Кроме Лидии, все герои повести уже четко определили свой жизненный путь, сделали свой выбор. Она же мечется между добром и злом.

В финале овдовевшая Лидия горько плачет, не застав на месте «подземного художника». Вероятно, таким образом автор дает надежду на изменение духовного состояния героини. Очищенная слезами раскаяния и горечи, она, хочется верить, сделает верный выбор в сторону традиционных ценностей.

В заключение не могу не отметить живой, яркий язык повести. Автор часто использует иронию, сатиру, с помощью которых высмеивает современное общество, его принципы и пошловатые вкусы, например:

1. «Она была хороша! Высокая, стройная, но без этой поди-умной впалой членистоногости, которая почему-то выдается теперь за совершенство» (о Лидии) [Поляков, 2008: 32].

2. «Она удивилась, что у него не белая челюсть, которой торопятся обзавестись все новые русские, а желтоватые неровные зубы, чуть вогнутые внутрь, как у хищных рыб» (об Эдуарде Викторовиче) [Поляков, 2008: 72].

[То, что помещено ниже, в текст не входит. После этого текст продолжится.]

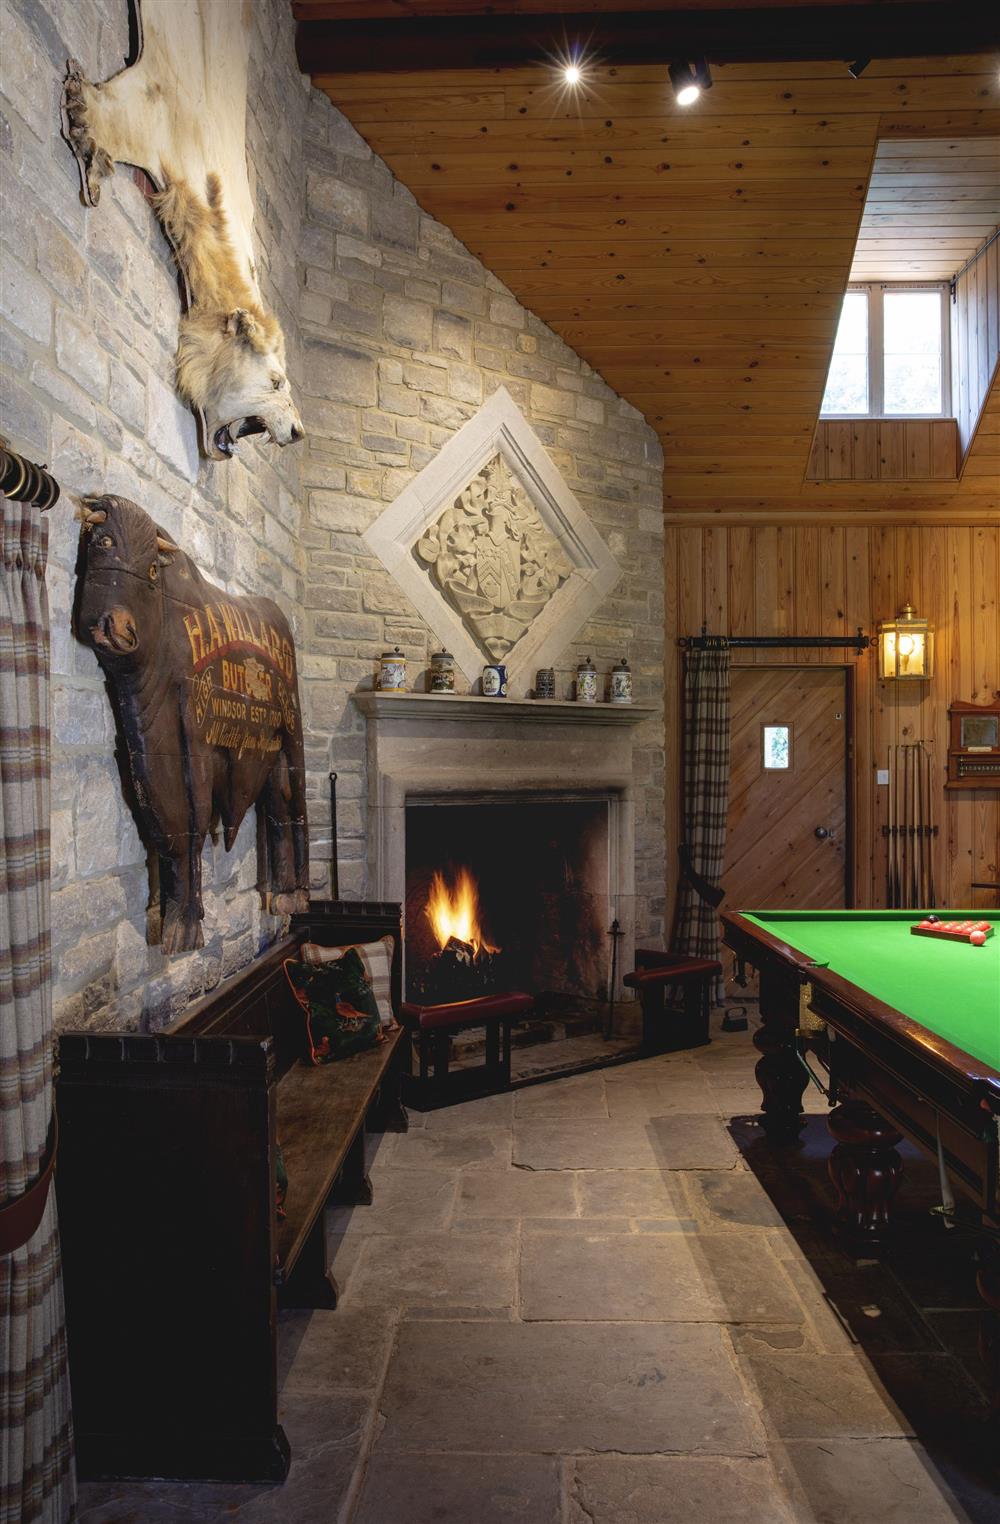 The Billiard Room is a wonderful sociable space at The Shooting Lodge, Dorset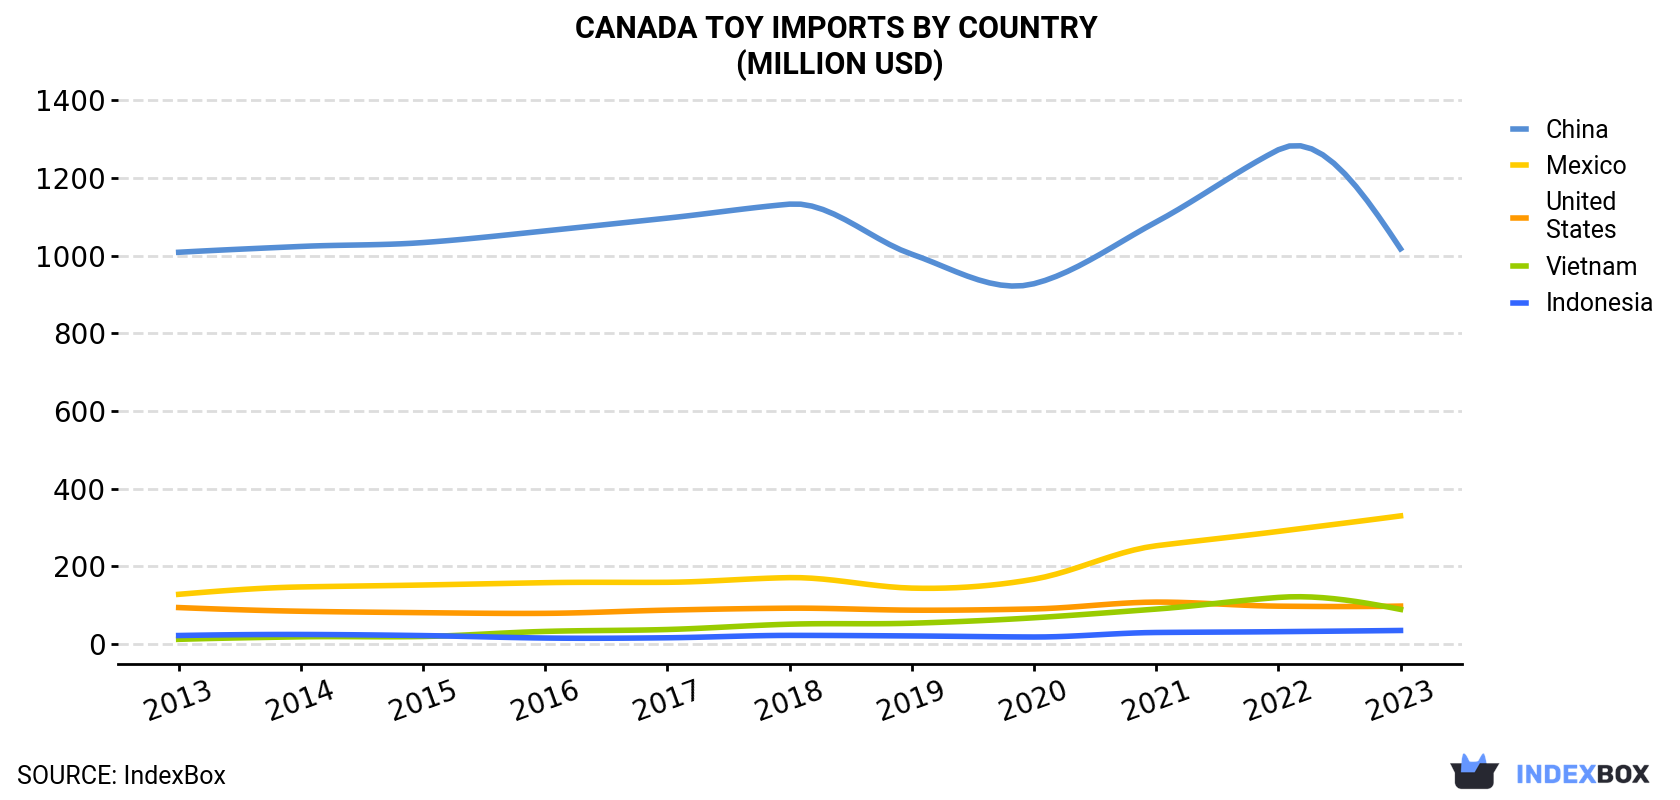 Canada Toy Imports By Country (Million USD)

Элементы иронии порой соединяются с эпитетами и метафорами, и в результате возникают оригинальные авторские описания: «…какой-то умник додумался со дна бухты драгами черпать песок для строительных надобностей, и злопамятное море утащило сыпучую благодать в глубину, чтобы затянуть свои донные раны. Пришлось машинами завозить гальку» [Поляков, 2008: 107, выделено везде мной – Ю. Гришина].